Jingkang50 / OpenOOD

Benchmarking Generalized Out-of-Distribution Detection
MIT License
858 stars 108 forks source link

FPR scores of all baselines are updated? #177

Closed BierOne closed 1 year ago

BierOne commented 1 year ago

Hi Jingkang,

Thanks for this outstanding work! I have been actively working on implementing my method using OpenOOD v1.5. However, I observed a notable difference in the FPR score (available in this link) compared to the version provided on Aug. 7th. I am uncertain if there is something crucial that I might have missed in this repository.

Could you provide some clarification if there are any significant updates? Thank you so much.

zjysteven commented 1 year ago

Hi @BierOne, thank you for your continued attention!

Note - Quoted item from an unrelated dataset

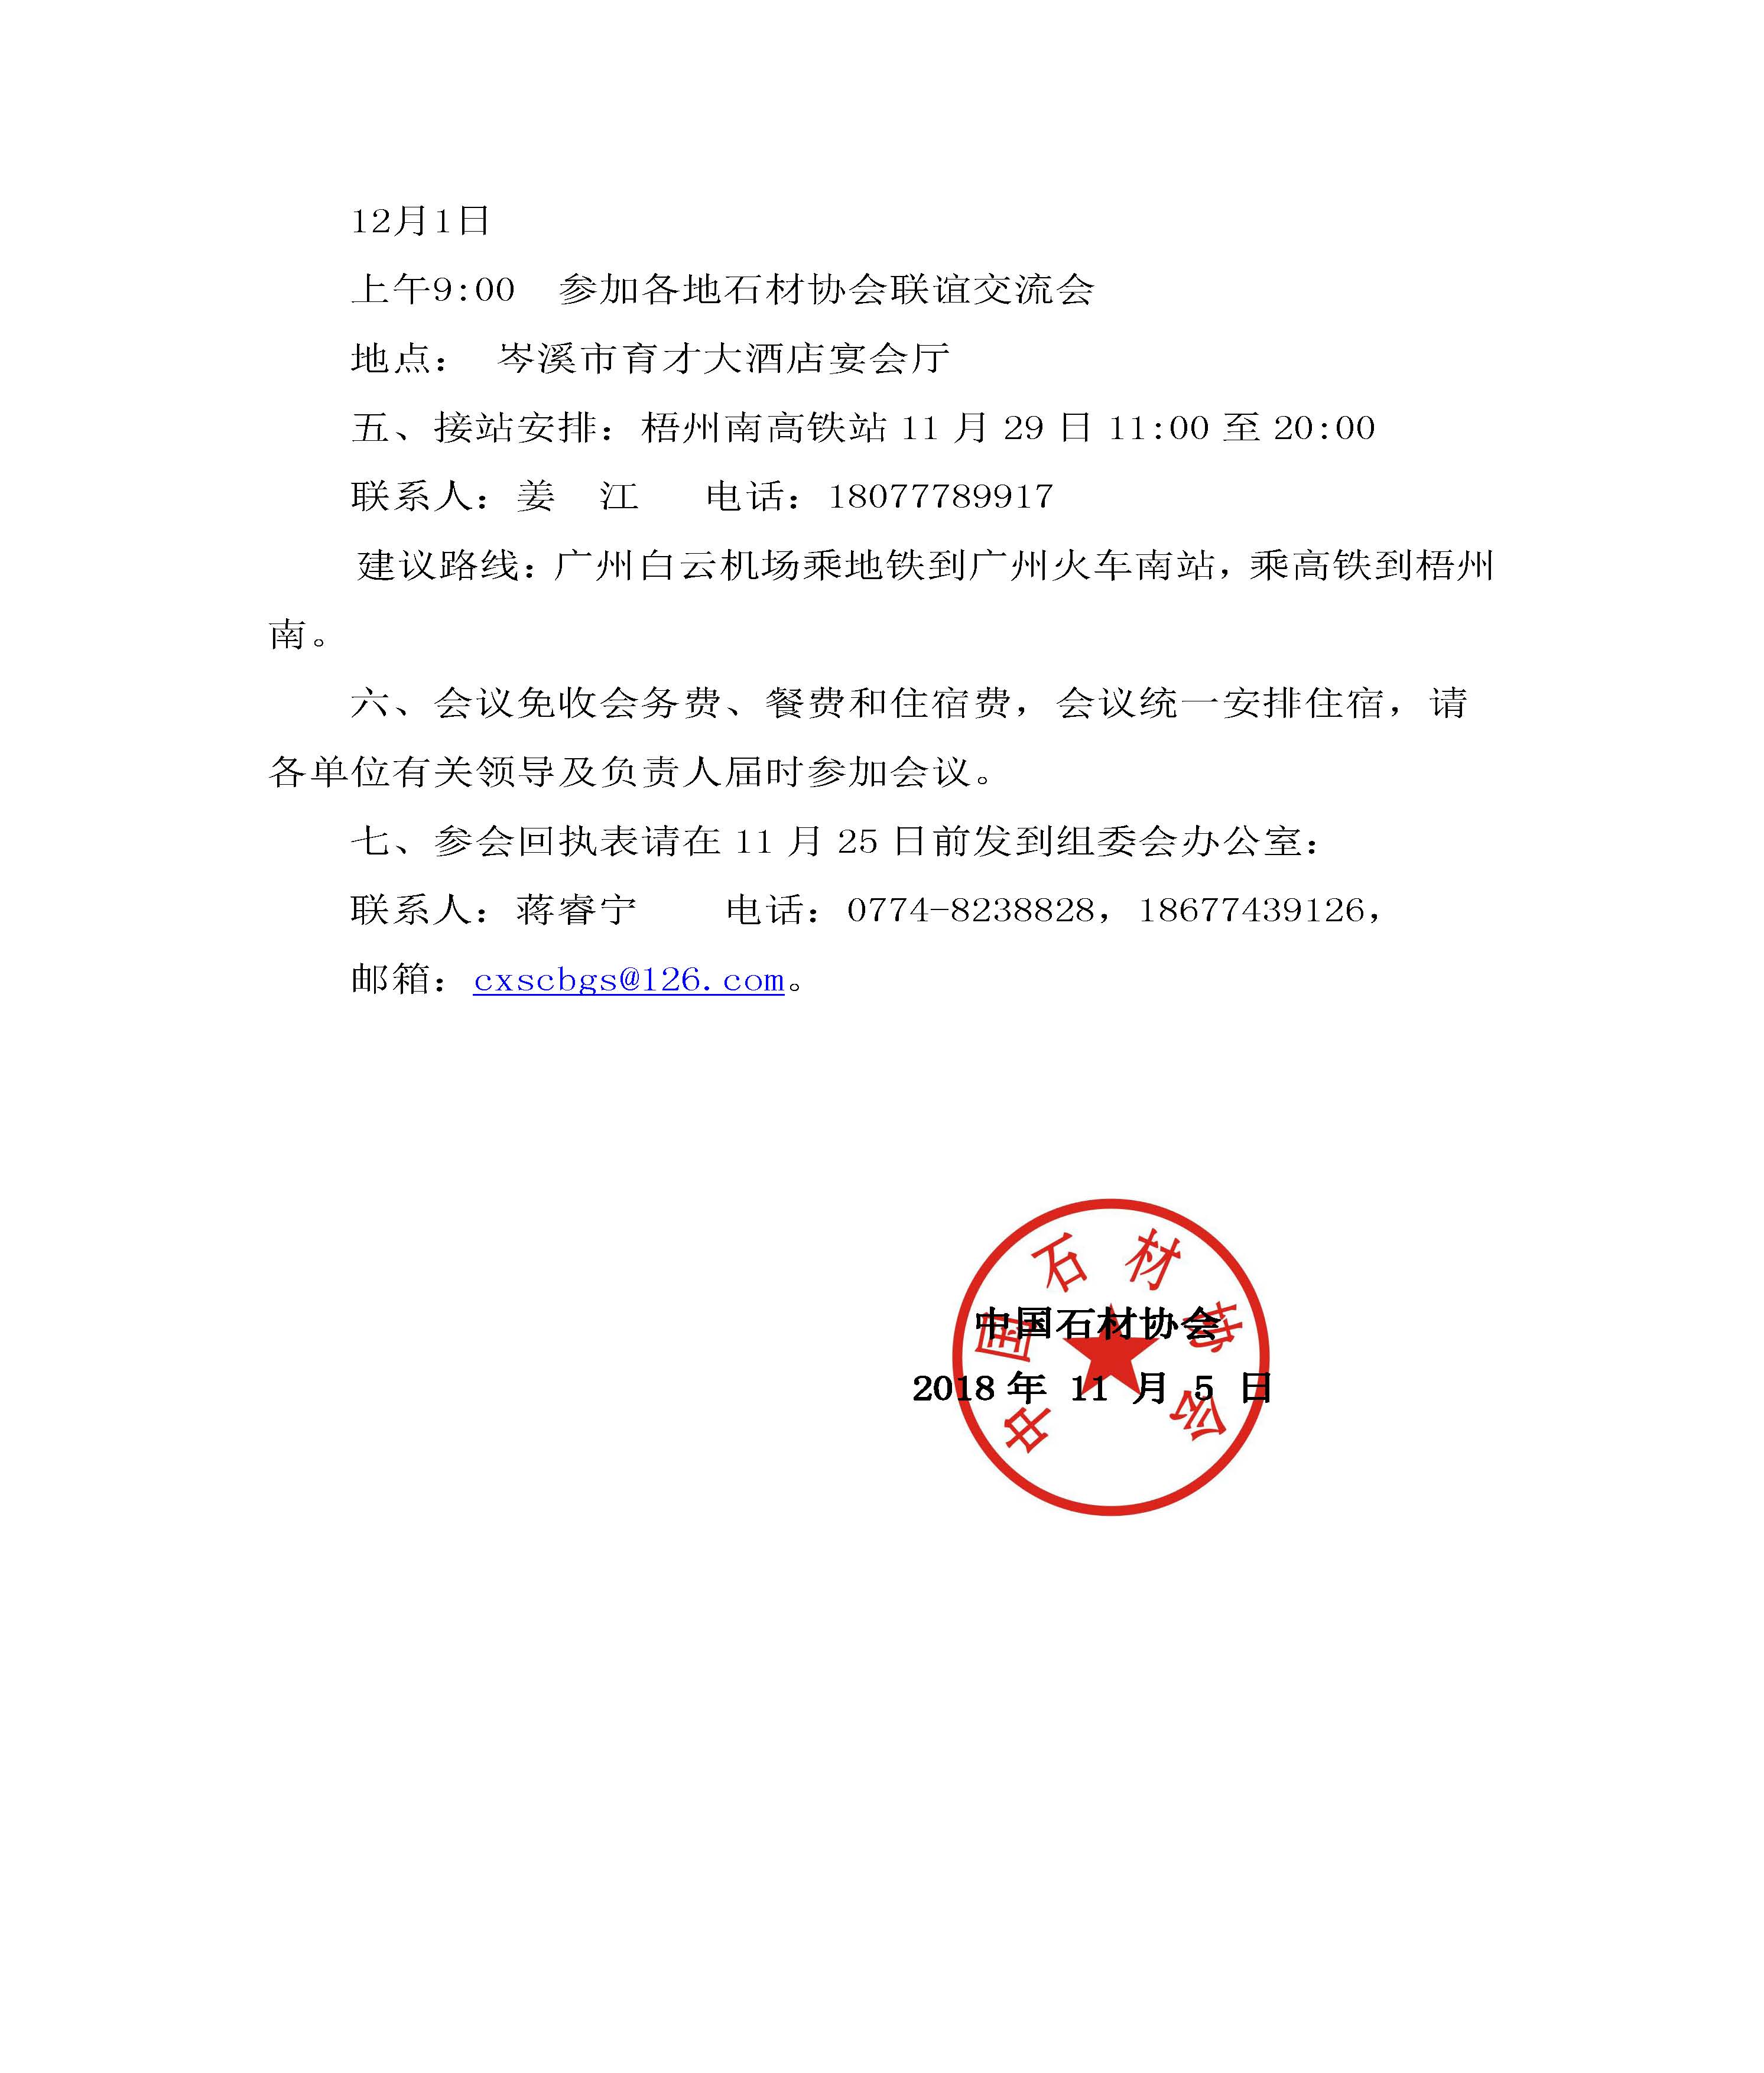 中国石材协会关于举办绿色矿山主题论坛的通知

Yes, the update we made was regarding whether we treat OOD samples as positive or negative. We found that earlier we were taking OOD samples as negative. This is not technically wrong, but typically in this case the metric would be TNR@TPR95 (e.g., see Mahalanobis paper) instead of FPR@TPR95. Also, FPR@TPR95 in this case means when 95% of ID samples are correctly classified, how many OOD samples are misclassified. It measures the performance at a threshold that emphasizes ID sample correctness (95%) rather than the correctness of OOD sample, which seems a little weird to me.

We now have updated to follow the convention in general machine learning and many OOD works (including MSP, Energy, etc), where OOD samples (anomalies) are taken as positive. In this case, FPR@TPR95 aligns better with the ultimate goal than the previous case (in my opinion): When 95% of OOD samples are correctly identified, how many ID samples are misclassified.

I hope that this clears up the confusion. Also note that this update doesn't affect the main metric AUROC.

BierOne commented 1 year ago

Got it! Thank you so much!